The Bristol Stress and Health at Work Study identified other stressors, such as inconsistency and lack of clarity. Highly stressed workers were less likely to say that the information they got from their line managers was sufficient and consistent, and were more likely to be subject to expectations which were hard to combine or even contradictory. This is a particularly significant point in explaining the dramatic increase in stress in the public sector, and was echoed in the Whitehall Study, which found that `the need to resolve conflicting priorities' is associated with a higher risk of psychiatric disorder in both sexes.

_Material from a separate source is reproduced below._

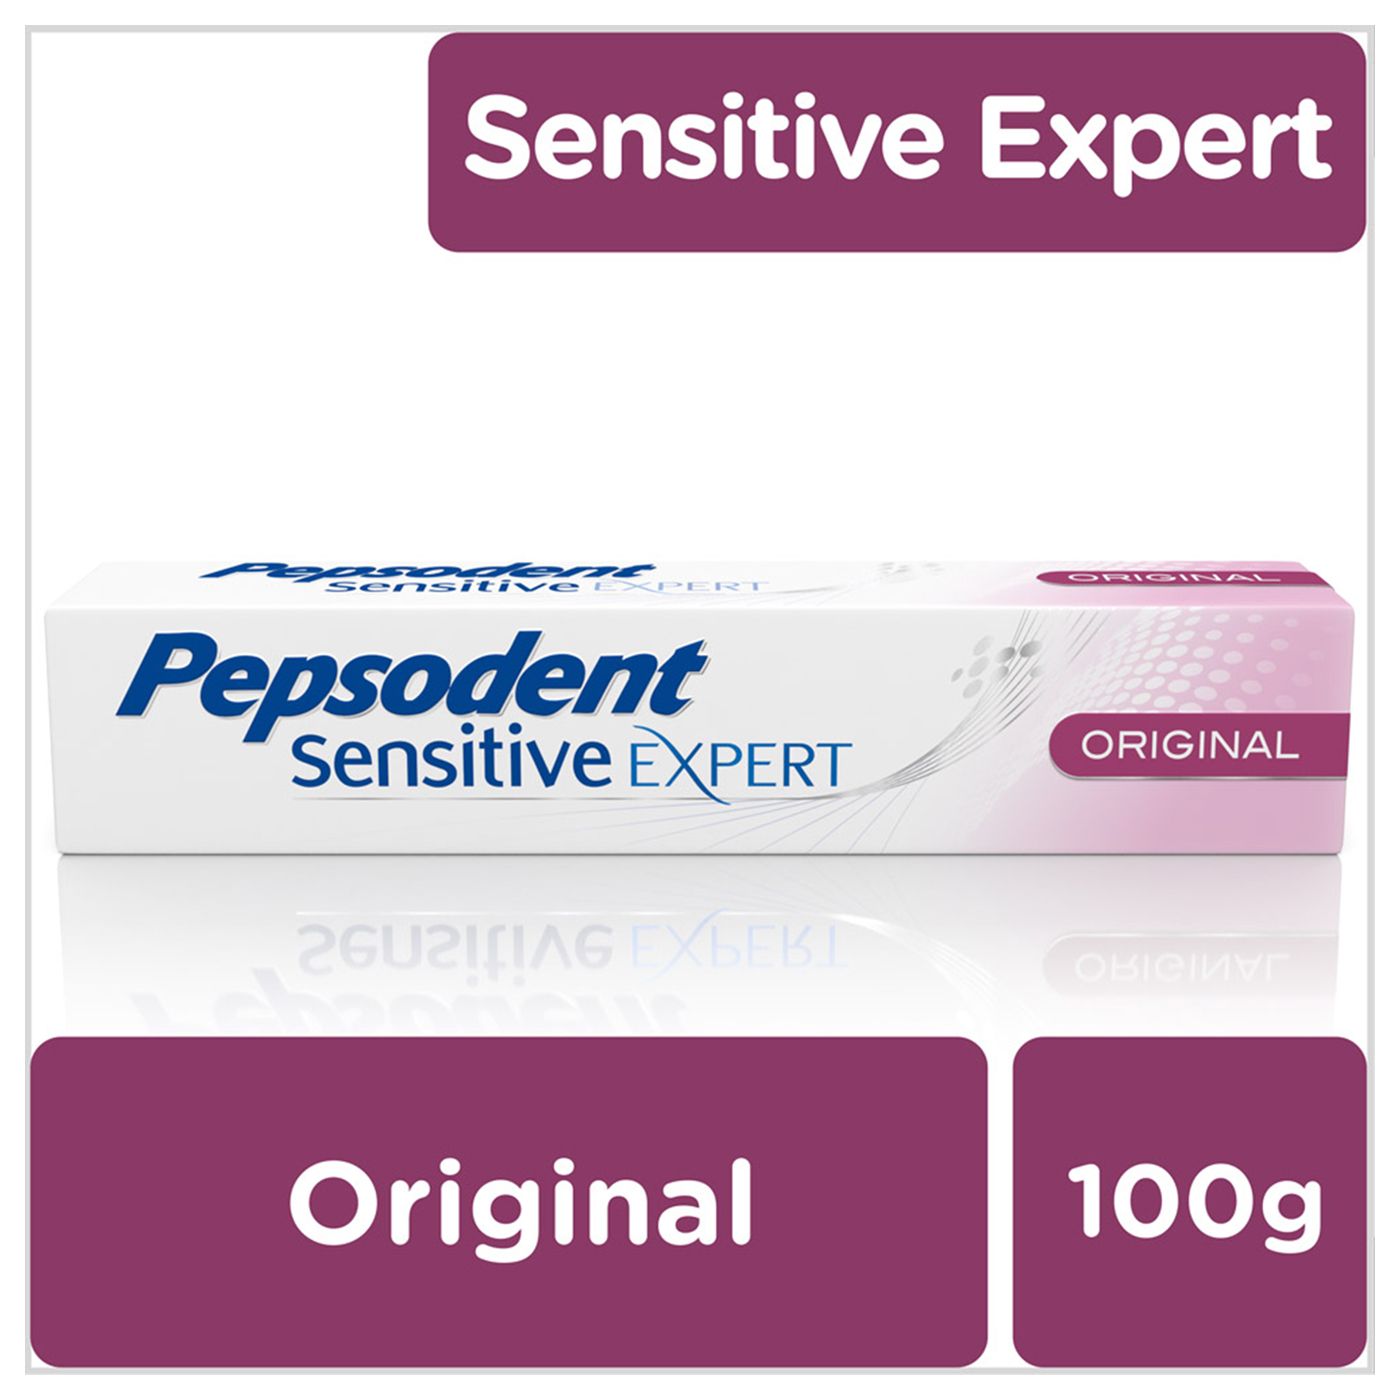 Pepsodent Sensitive Expert PAsta gigi Original 100g - 1

The stories Peter Piranty hears in the course of his counseling for a Northamptonshire-based mental health charity (in the UK) which specializes in stress in the public sector confirm many of these findings. His clients come predominantly from education, the police, the NHS and social services. He attributes the sharp increase in stress in the public sector to the way in which the government's reform of public services has been imple­mented. What most worries him is how the pressure to meet targets, and the public scrutiny, poison some organizational cultures.

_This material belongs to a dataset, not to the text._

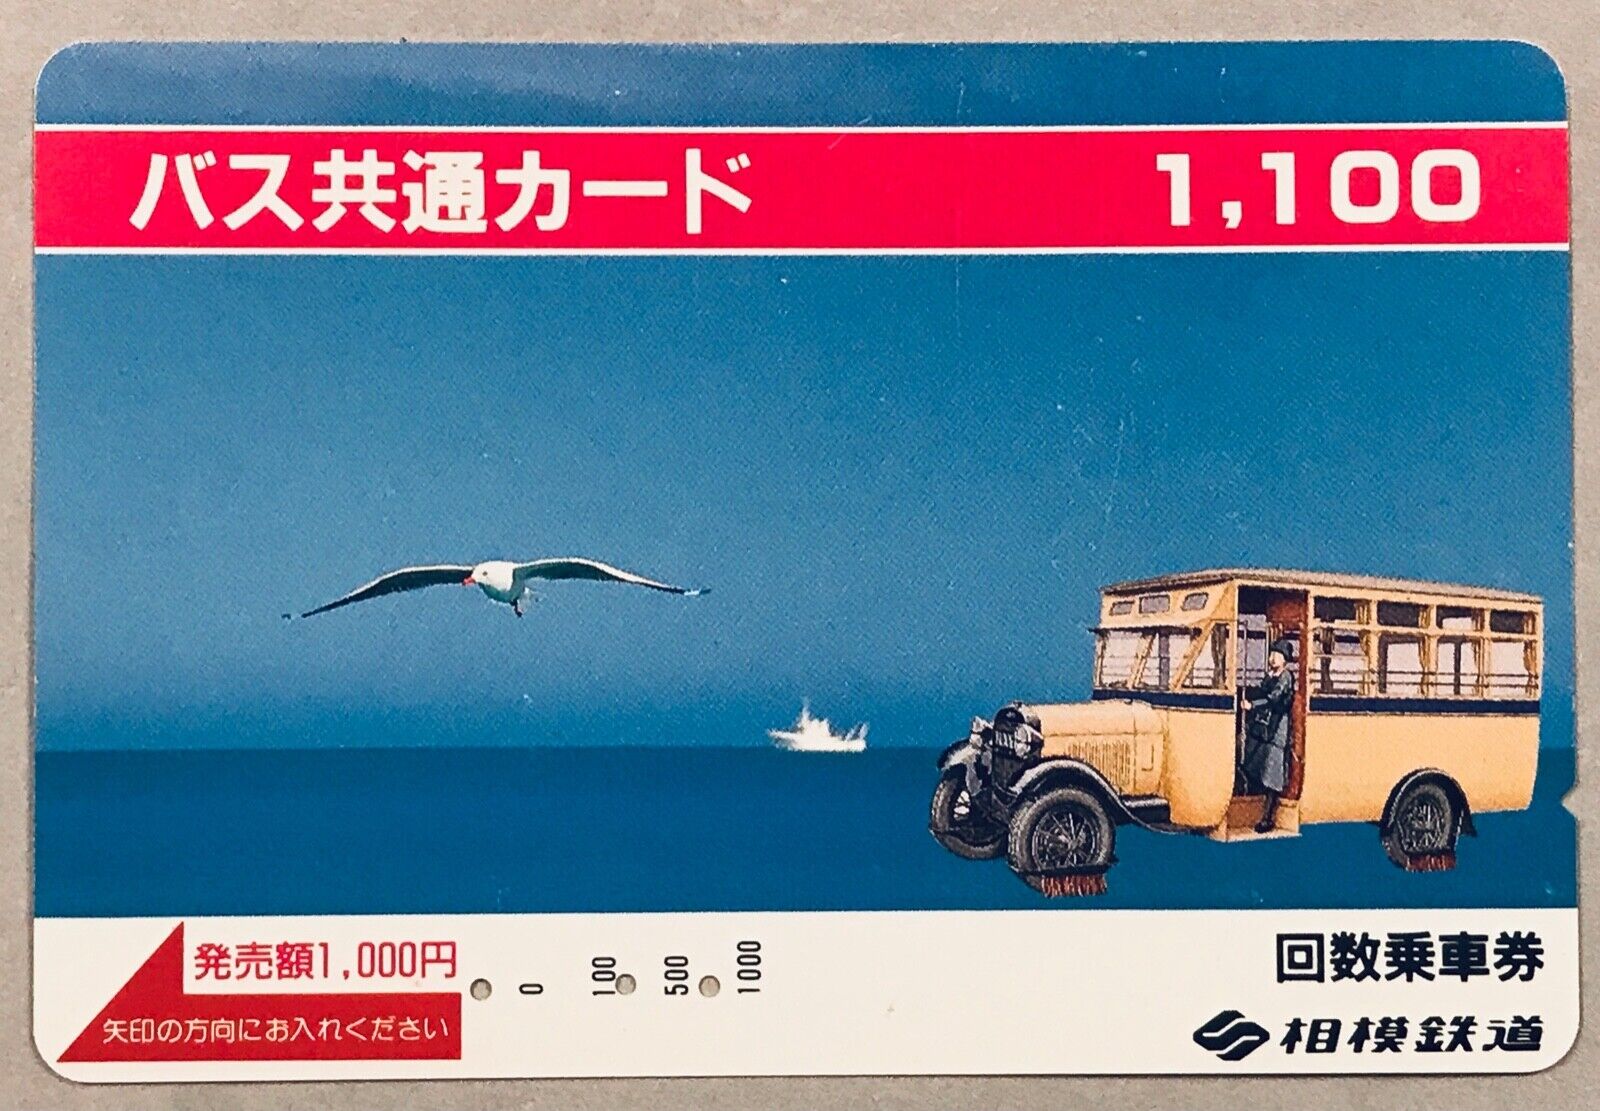 Phone card - Japan - Travel by bus [11]

There's been a real increase in the last ten years in the blame culture as many more people are talking about bullying. [Under pressure] some organisations become unhealthy and defensive, with paranoid, persecutory cultures. It can be quite subtle, and a whole organizational culture can be bullying, so that managers say things like, `Don't come to me with problems, come to me with solutions.'

I hear appalling stories of senior teams frightened of the style of a senior officer – in any other situation it wouldn't be tolerated. I hear of rigid ways of behaviour – of defining what excellence is, and what commitment is. My conclusion is that a lot of the British workforce is very unhappy, and there's a lack of recognition of the emotional costs of the workplace.

When an organization is driven, symptoms of stress can manifest in two ways. One is to put your nose down and deal with what you can deal with. The other is to take a lot of interest in other people's failings, which leads to inter-group rivalry and dysfunctional teams. If people are frightened of being accused of not being able to do their job, they will pick on another weak member of the team; there's macho talk of `If you can't stand the heat, keep out of the kitchen.' The bullied person often takes on the responsibility.

The drive to increase accountability and transparency in the public sector increases the pressure, adds Piranty: “Before, you might have had a private discourse about a cock-up; now it's all very public. So many people think they know how you should do the job, and people's jobs become more difficult. Social workers, for example, are damned if they do and damned if they don't; society tasks people to make those awful judgements and then disembowels them in a very public way.

“Organisations are always working to capacity, there's no reserve because it's argued that it's too wasteful. People are working at such a level that it only takes one more thing – a personal crisis or work crisis [for them to snap] – there's no reserve. Some mission statements can be really crass, for example, `Zero tolerance of defects'. People are expected to `strive for excellence' rather than be good enough. A high proportion of the people coming to see us are on anti-depressants, they don't see much of their kids and they're bitterly resentful that they don't have more time at home.”

Piranty says that people who are particularly vulnerable to stress are `those who are very good at caring for others and who will put their clients first. There's a high burnout among carers, who are very good at looking after others but not so good at looking after themselves.